The pushback I’ve received goes something like this:

If every Councilmember requested a fifteen minute meeting every month that adds up to three hours of Staff time every month!

To which I reply, and…? You have a point you wish to make? 😀 This goes along with the notion that whenever the Administration provides information it is doing Council a favor. It pretty much lays it out there: We think that indulging the Council with 2-3 hours of our time every month would be a waste of valuable Staff time.

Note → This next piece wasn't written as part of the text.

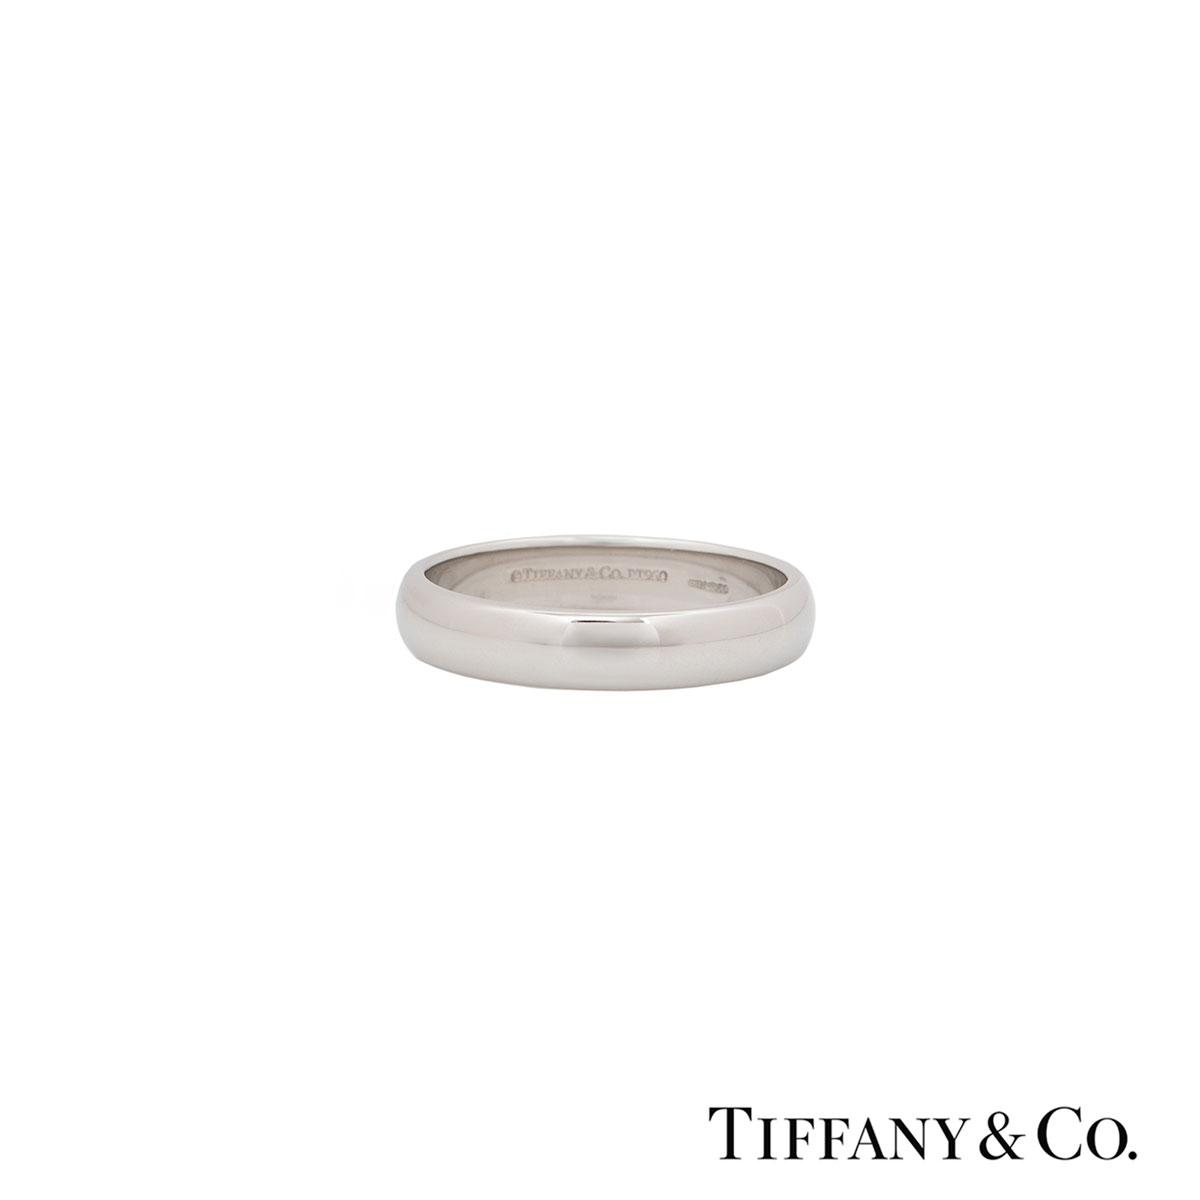 Tiffany & Co. Platinum Lucida Wedding Band

Rule #5: No Councilmember Information Requests

This has gotsta go. We should have a Councilmember Request system. Other cities around us have them. So any Councilmember can access a database of questions and answers from Staff which have taken place over years of research. This encourages Staff to provide detailed answers (since they will likely only have to answer that question once). And it is an invaluable resource for new Councilmembers to get up to speed on any issue. It also creates another way for Councilmembers to get a feel for one another. As you know, the Open Public Meetings Act (OPMA) severely restricts the amount of contact we can have with one another outside of meetings. But if you can see the questions that your peers are asking, you get a better sense of what they care about.

Rule #6: Majority rules

And finally, I can imagine some world where the Administration says something like:

OK, we know that Councilmembers send an average of two email questions per meeting. Therefore the rule is: Councilmembers may ask two questions per meeting from now on.

That’s ridiculous. Maybe the other Councilmembers were super busy. Or already knew the material from previous briefings. Or… and I’m just spitballing here so go with me… maybe one of them just wasn’t all that engaged on the issue? Why should the rest of the Council be hamstrung by that below-average level of engagement?


State law creates a strict division between the duties of the City Manager and the City Council. However, the law also creates a slew of unintended consequences whereby the City Manager can control access to the information that Councilmembers need to effectively legislate and provide oversight.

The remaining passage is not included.